• [EXERCISE GOAL]
Leaving the pictures aside, reproduce the data in full and word for word.

• [SUPPLIED MATERIAL]
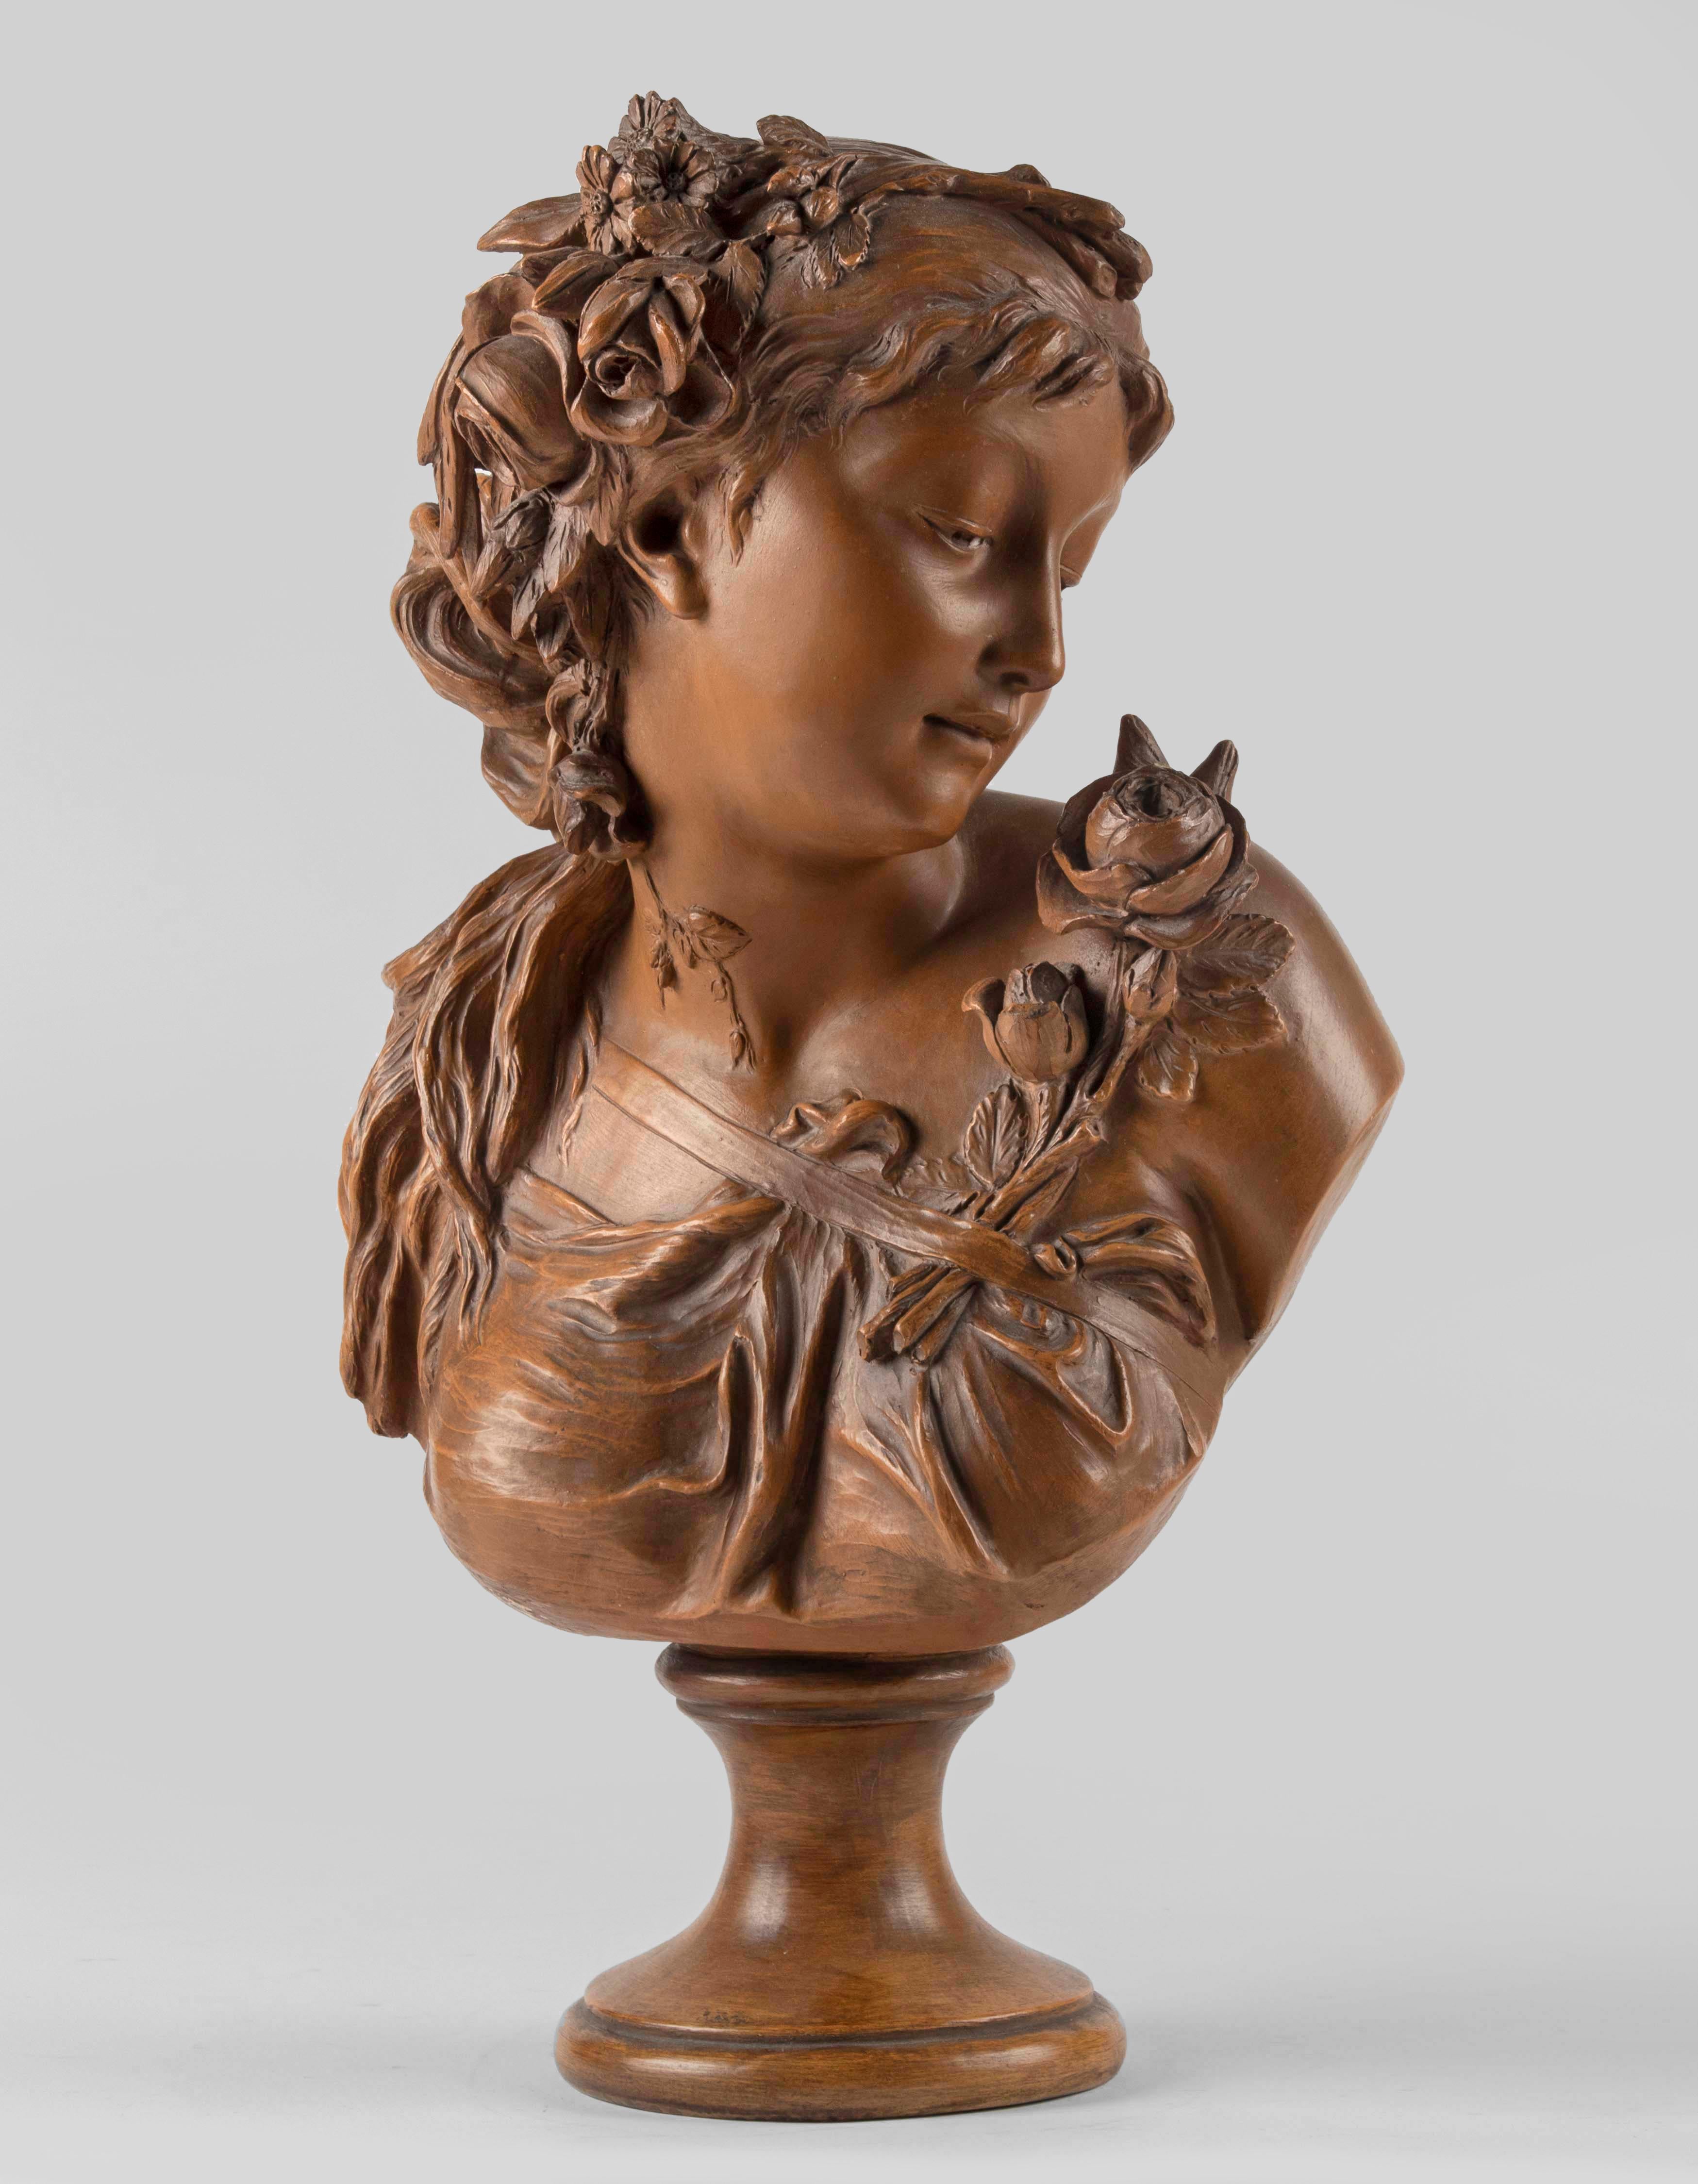 
A fine quality sculpture in terracotta from late Romanticism period. It has a rich ocher-brown patina. Beautiful and very attractive bust with very fine chiselure. Talented sculpting work, combined with a strong ability to interpret. Notice the
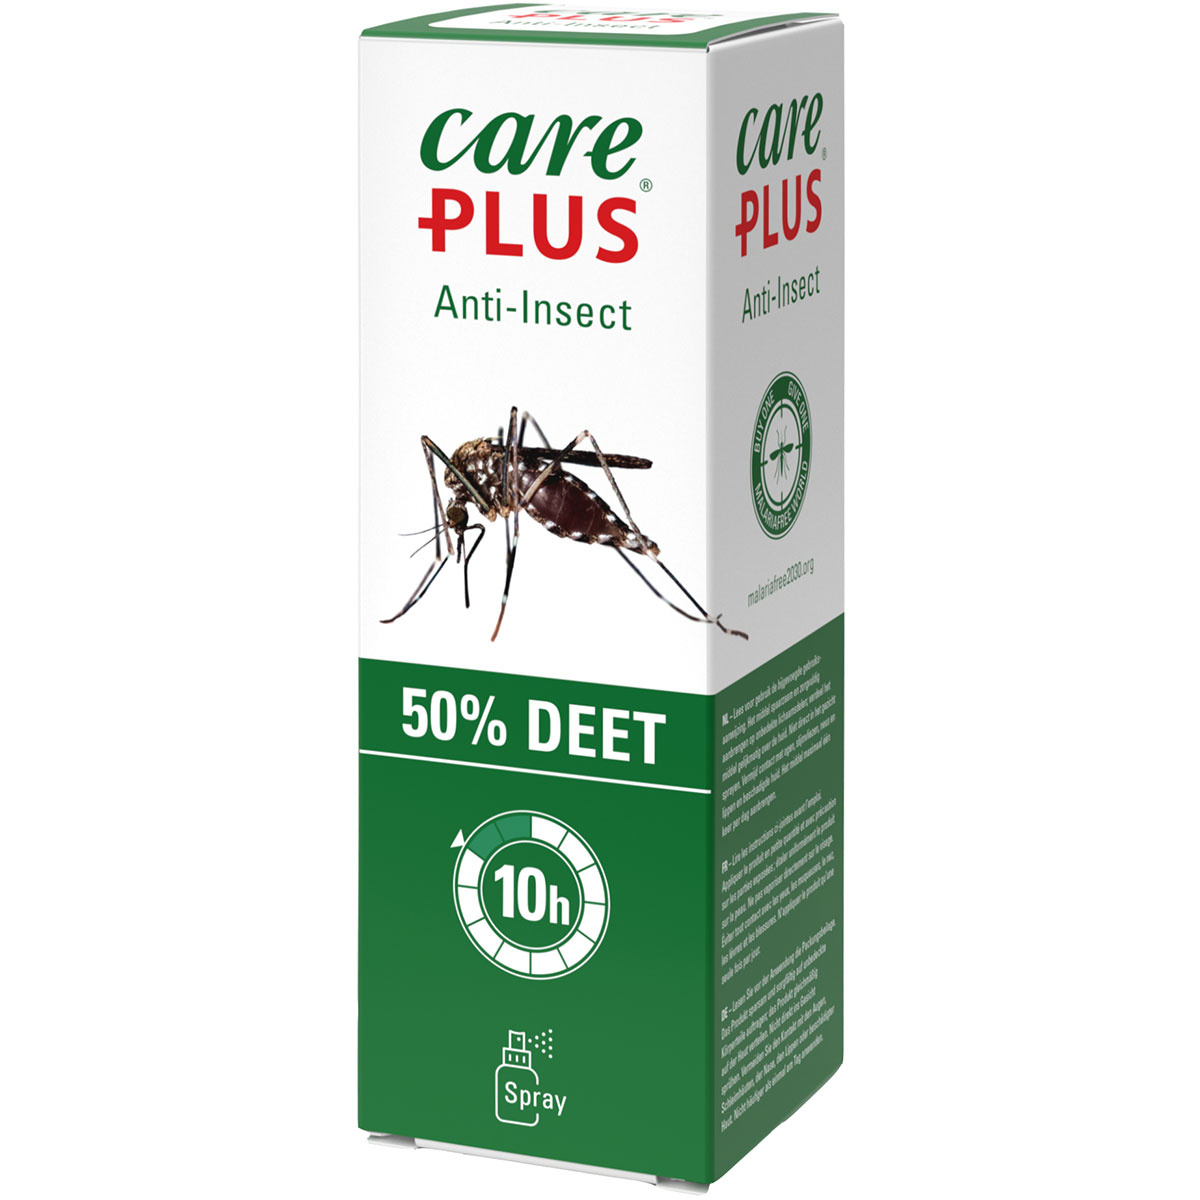 Care Plus Anti-Insect DEET Spray 50% 2
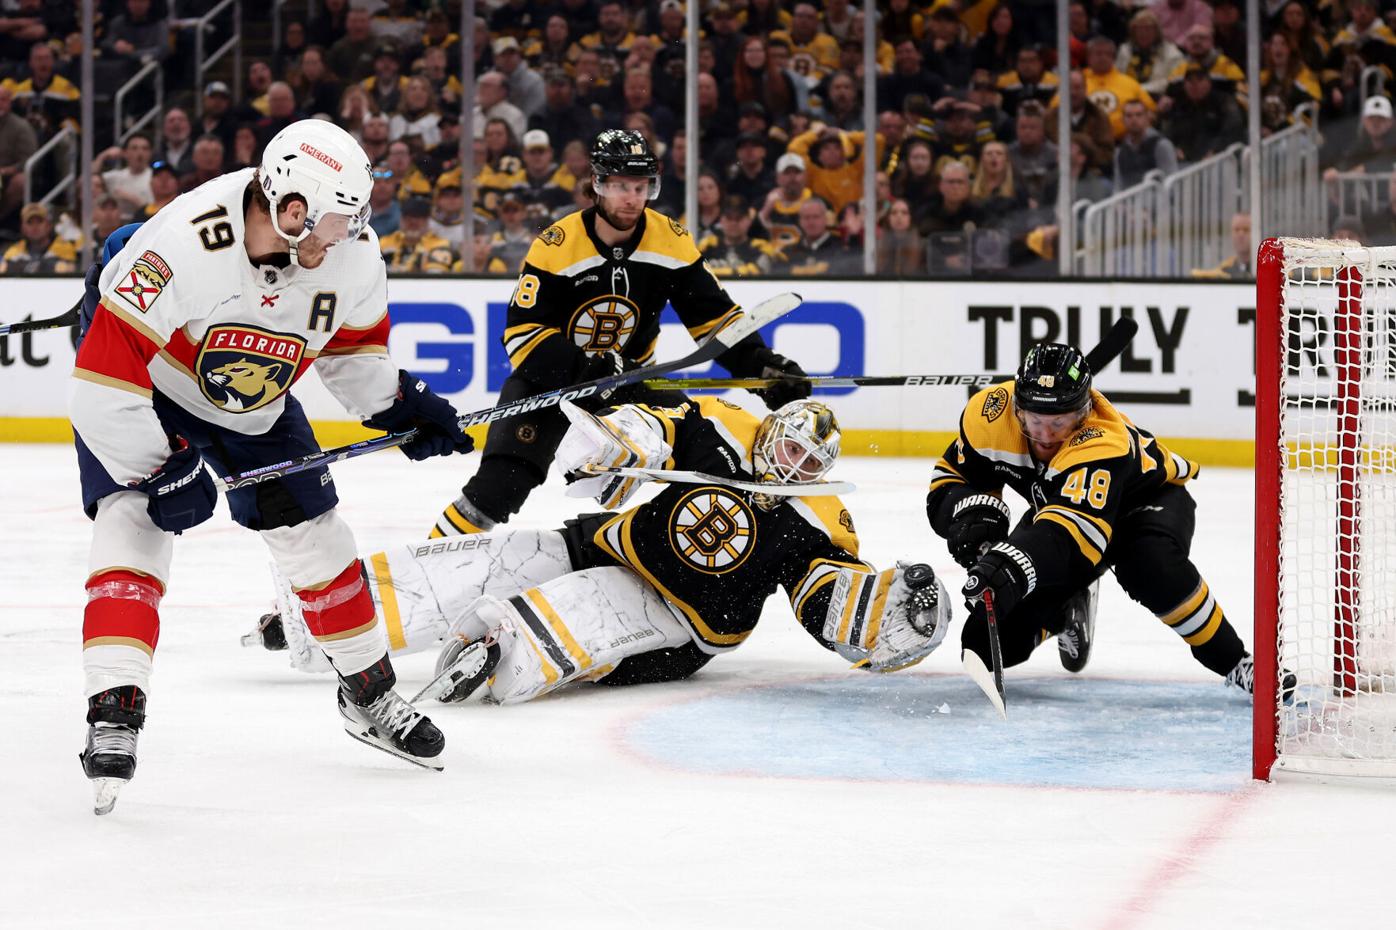 David Krejci ruled out for Game 4 against Panthers, Ullmark starts in net
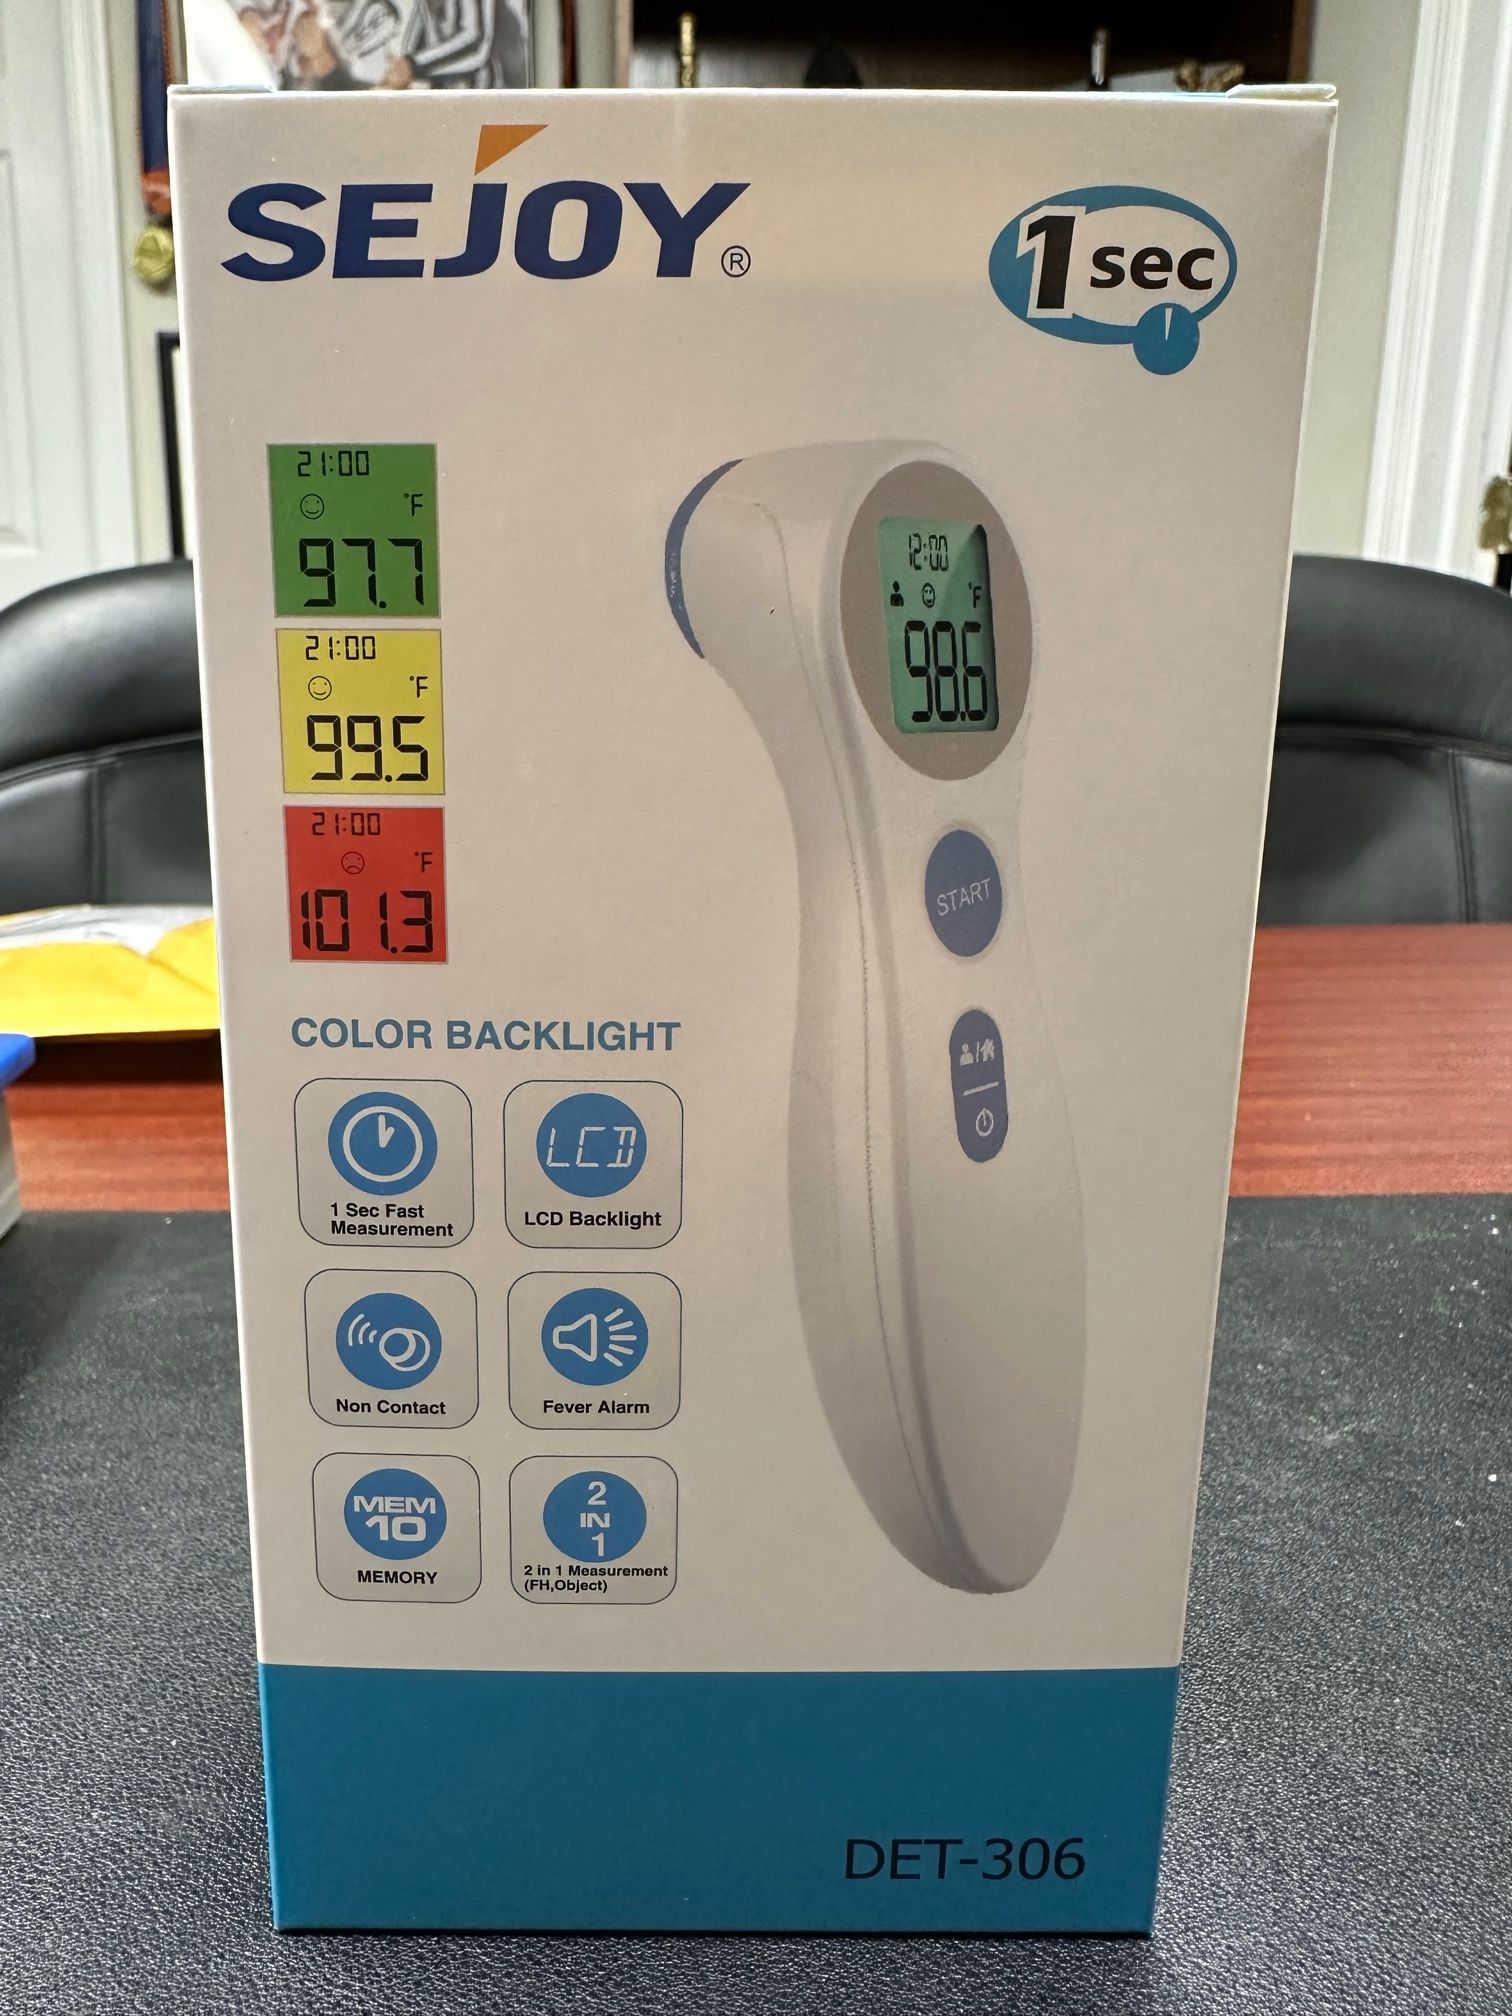 Infrared Forehead Thermometer, Non-Contact Household Body Thermometer  Temperature Meter Home Fast Measuring, Infrared Thermometer

• [RESULT FOR THIS TASK]
A fine quality sculpture in terracotta from late Romanticism period. It has a rich ocher-brown patina. Beautiful and very attractive bust with very fine chiselure. Talented sculpting work, combined with a strong ability to interpret. Notice the
 Care Plus Anti-Insect DEET Spray 50% 2
 David Krejci ruled out for Game 4 against Panthers, Ullmark starts in net
 Infrared Forehead Thermometer, Non-Contact Household Body Thermometer  Temperature Meter Home Fast Measuring, Infrared Thermometer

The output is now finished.